Thanks for the reply, Paul. And thanks very much for updating the post to offer that additional clarification (and more).
As for the alternatives that could offer reverse proxy without ARR, I appreciate that you mention there are some, but again I would love to hear from you or anyone offering more about those. I have tried to find them before with no success. I did say I didn't mind if they are 3rd-party add-ons. 🙂
And it's not that I am anti-ARR, but I fear that because it does much more than just setup reverse-proxying, it would be that some would either not want to or perhaps even not be allowed to enable it. And yes, I realize ARR "is" at least those two things you list, but it also adds still more, from load balancing to caching, and several more features listed at the bottom of that page. Again my concern is that someone may worry that adding such a toolbox when they want just a hammer may be overkill.
For instance, they may want simply one IIS instance (perhaps running as a Docker container) to proxy requests to just one backend server (perhaps also in Docker), to avoid exposing that backend publicly. You mention Tomcat, and there is its AJP approach to connecting IIS to it. But Tomcat also offers its own web server.
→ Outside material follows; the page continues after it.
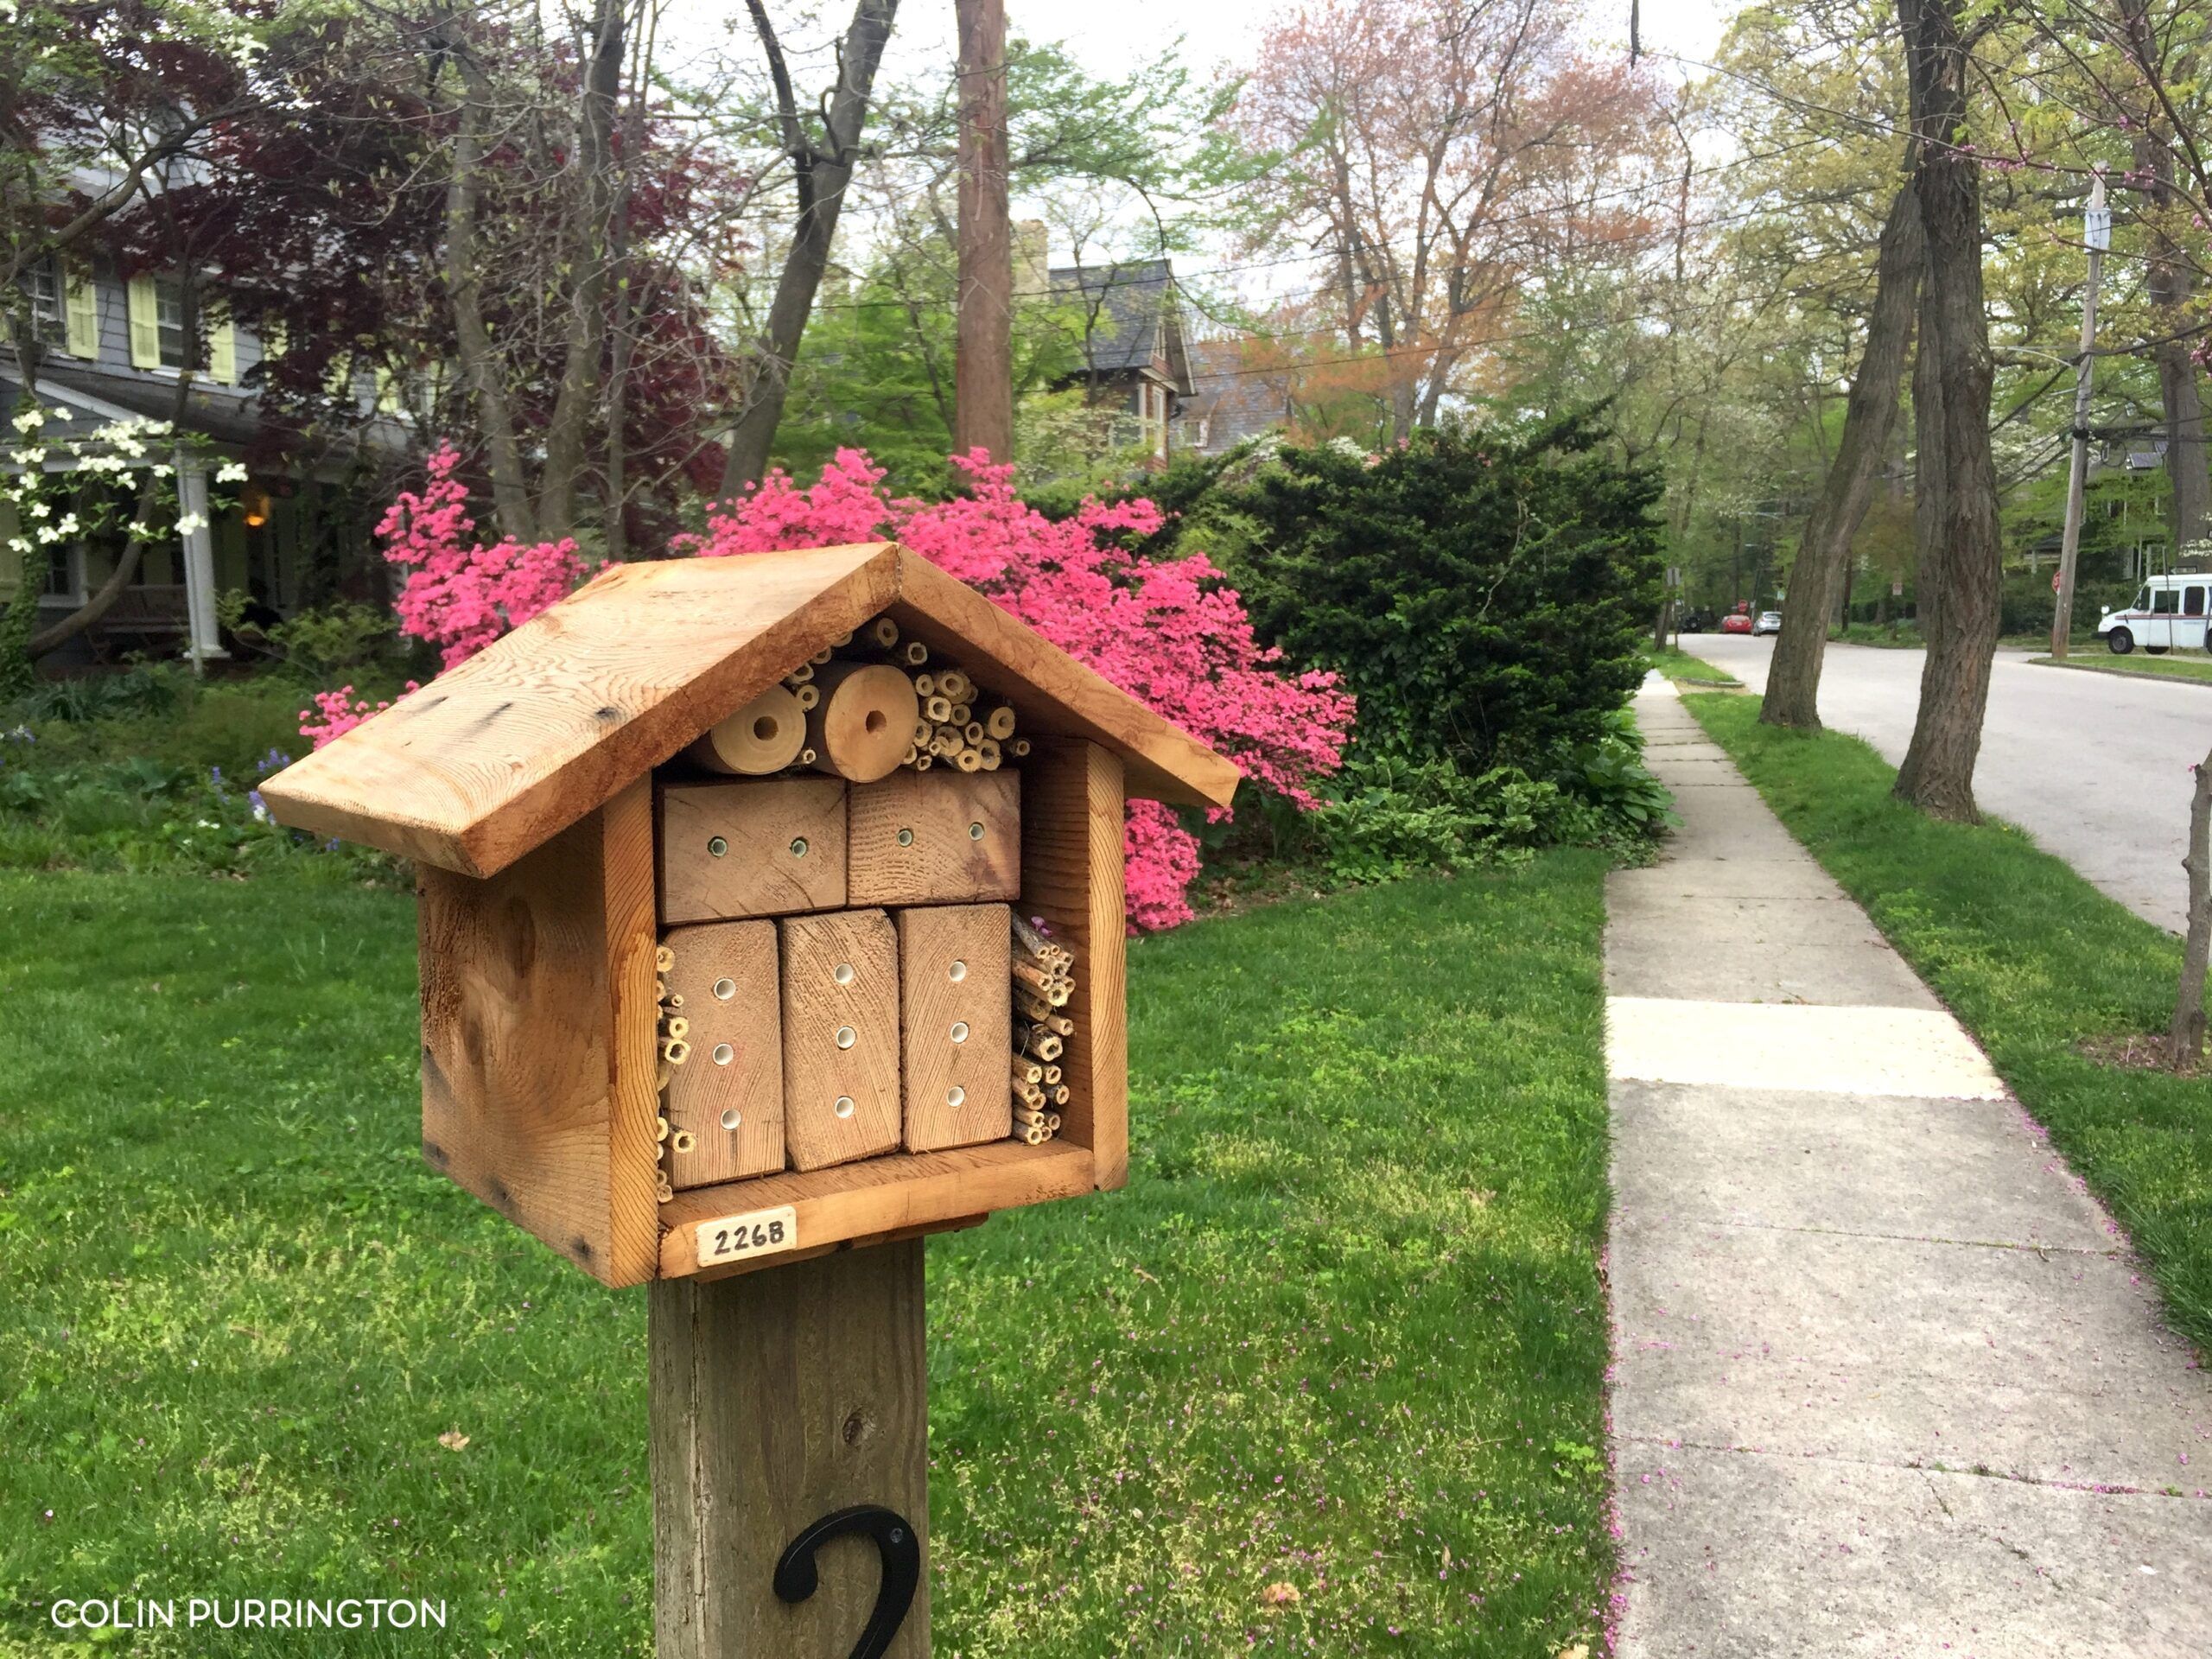 All Natural Bamboo Mason Bee Hive House Help Save The Bee Population!

Someone may want to leverage IIS features to be the front-end for a site, but have those requests then processed by the backend Tomcat. That would be a perfect use case of enabling such a proxy.
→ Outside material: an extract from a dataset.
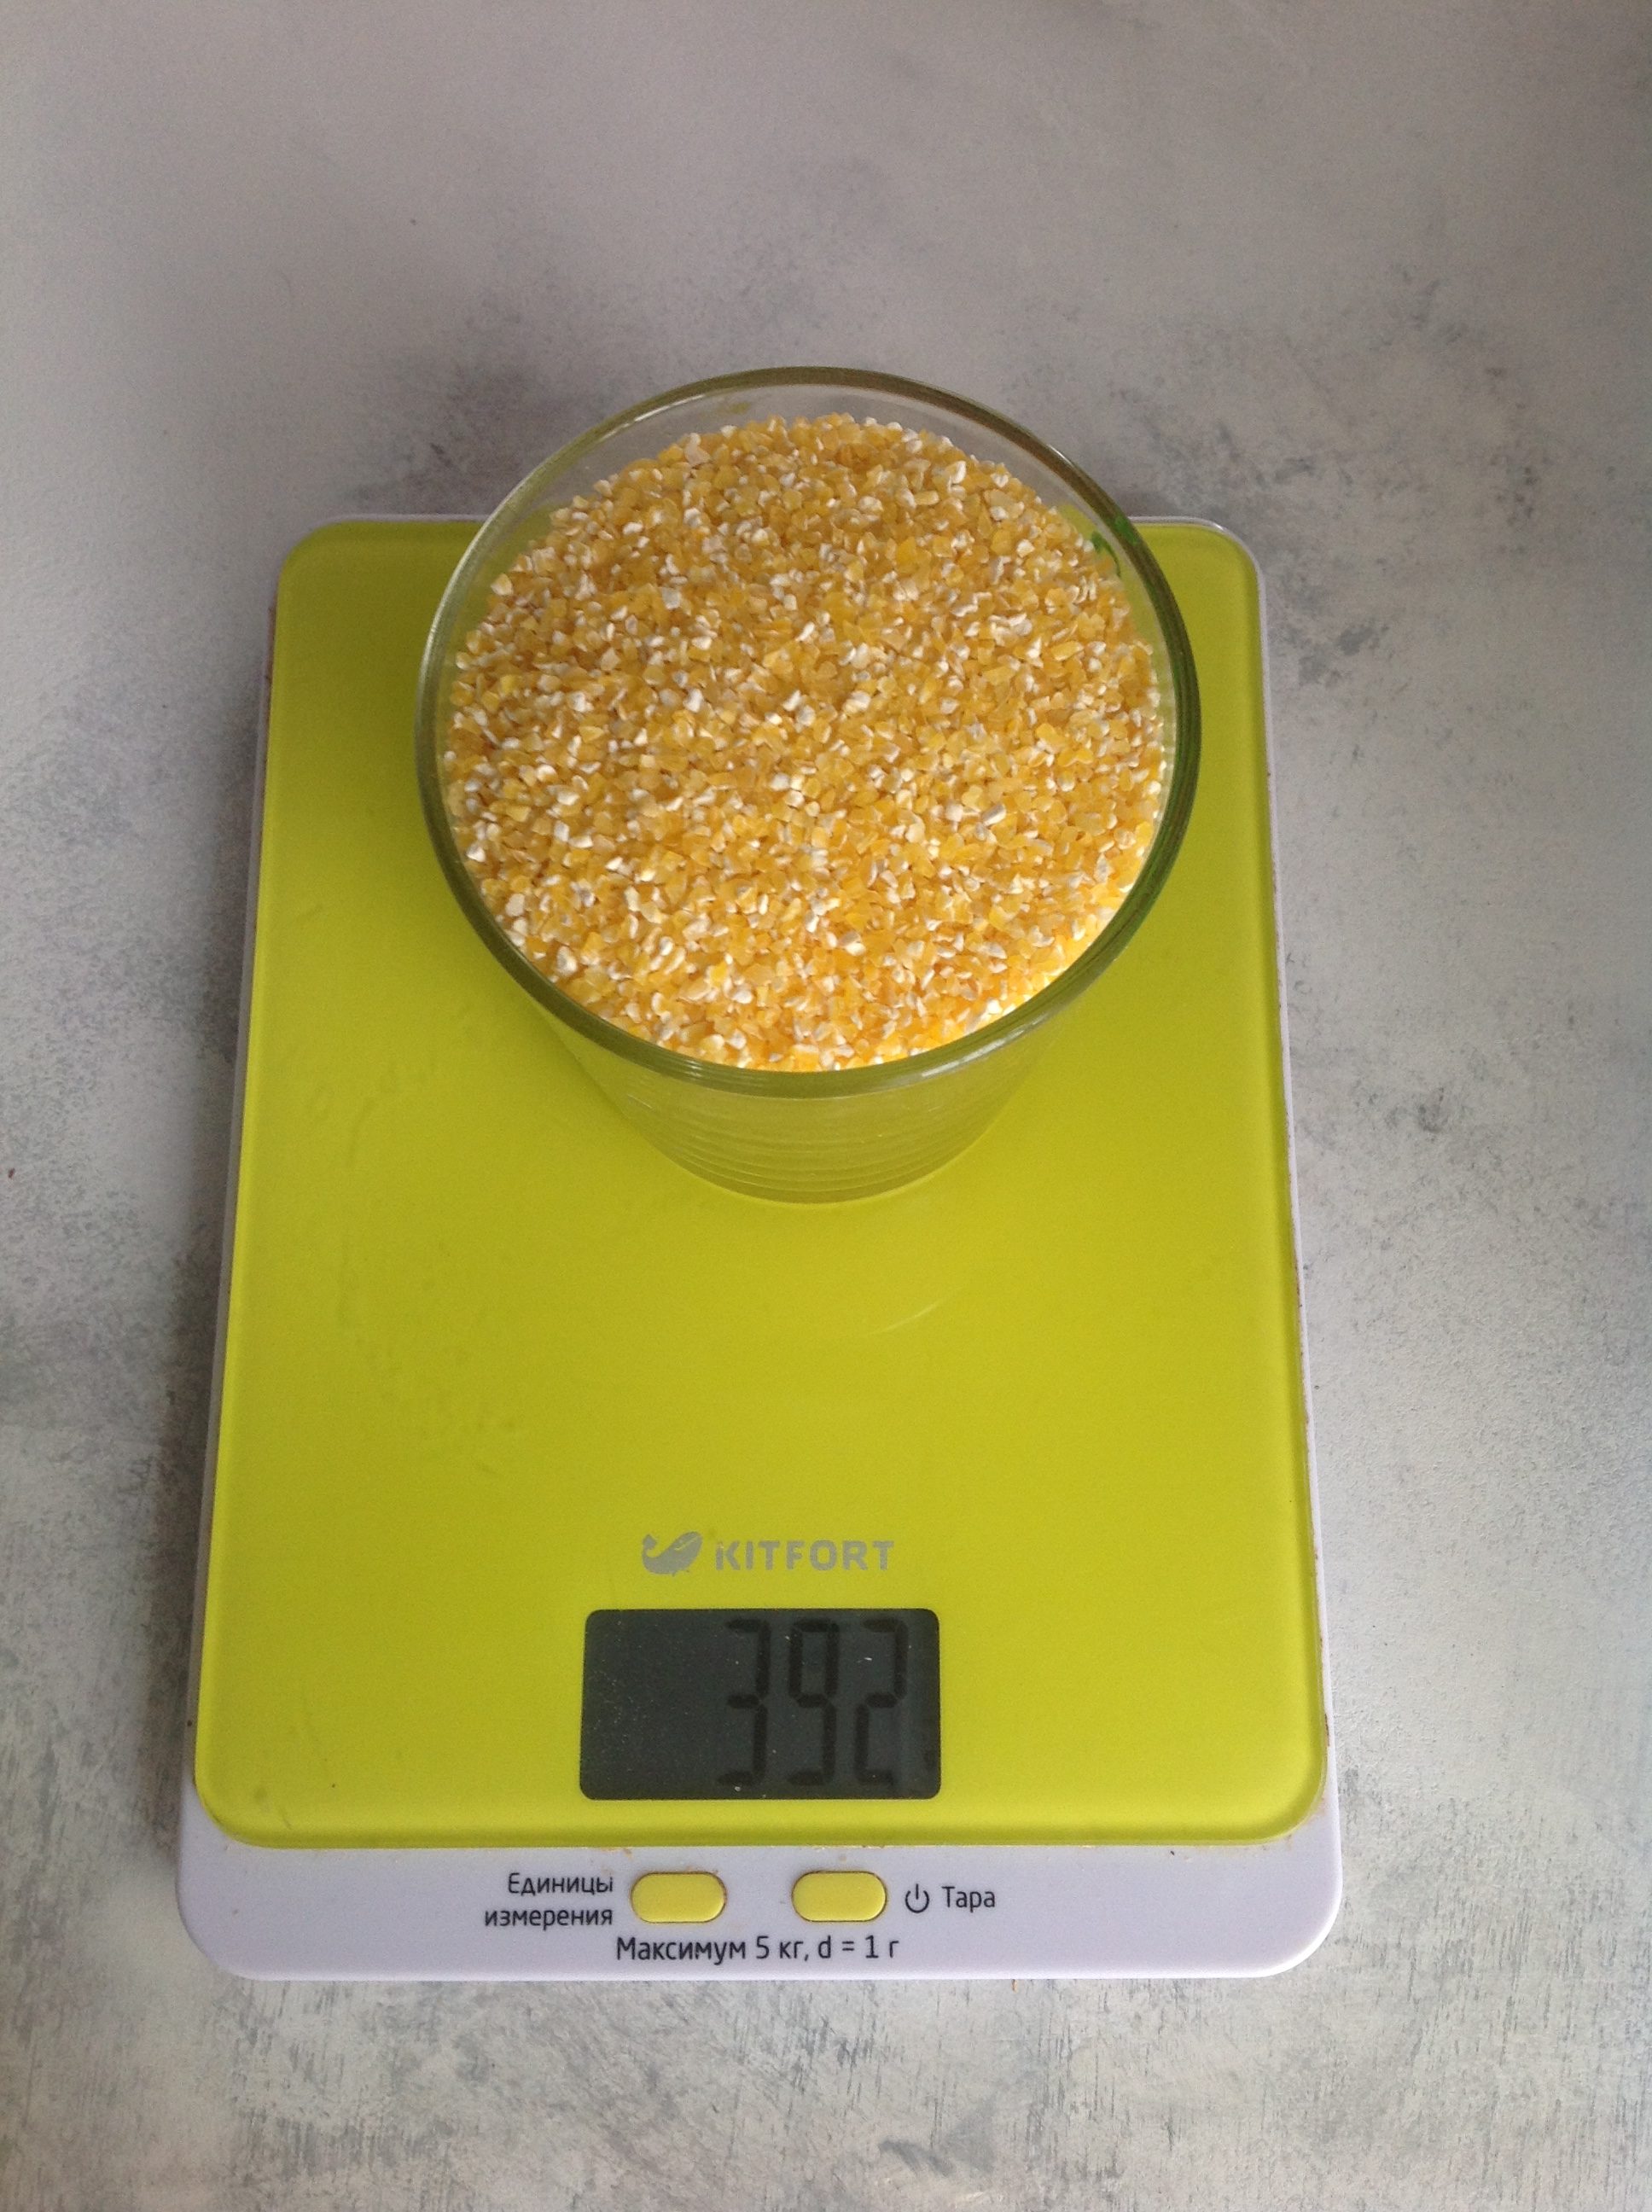 weight of dried cornmeal in a 250 ml glass

And of course both Apache and nginx make it simple, but IIS does not. And adding ARR is overkill for that one need. So again if there is any alternative that would provide for this, I'd love to hear it. This URL Rewrite option of a "reverse proxy" rule was compelling, until I found everywhere that it was only offered if ARR was added.
And in case anyone may think it's just a technicality that the IIS UI only adds that rewrite option if ARR is installed, I can confirm that it will not work if you enable it via xml, such as in web.config, at least in trying to do a rewrite to a URL not processed by IIS itself, which again is my goal above. You will get errors indicating that IIS cannot process the request. Others have wanted to also do it (without respect to Docker) simply to have an IIS request be forwarded to some other back-end application, and they have encountered (and reported) the same problem.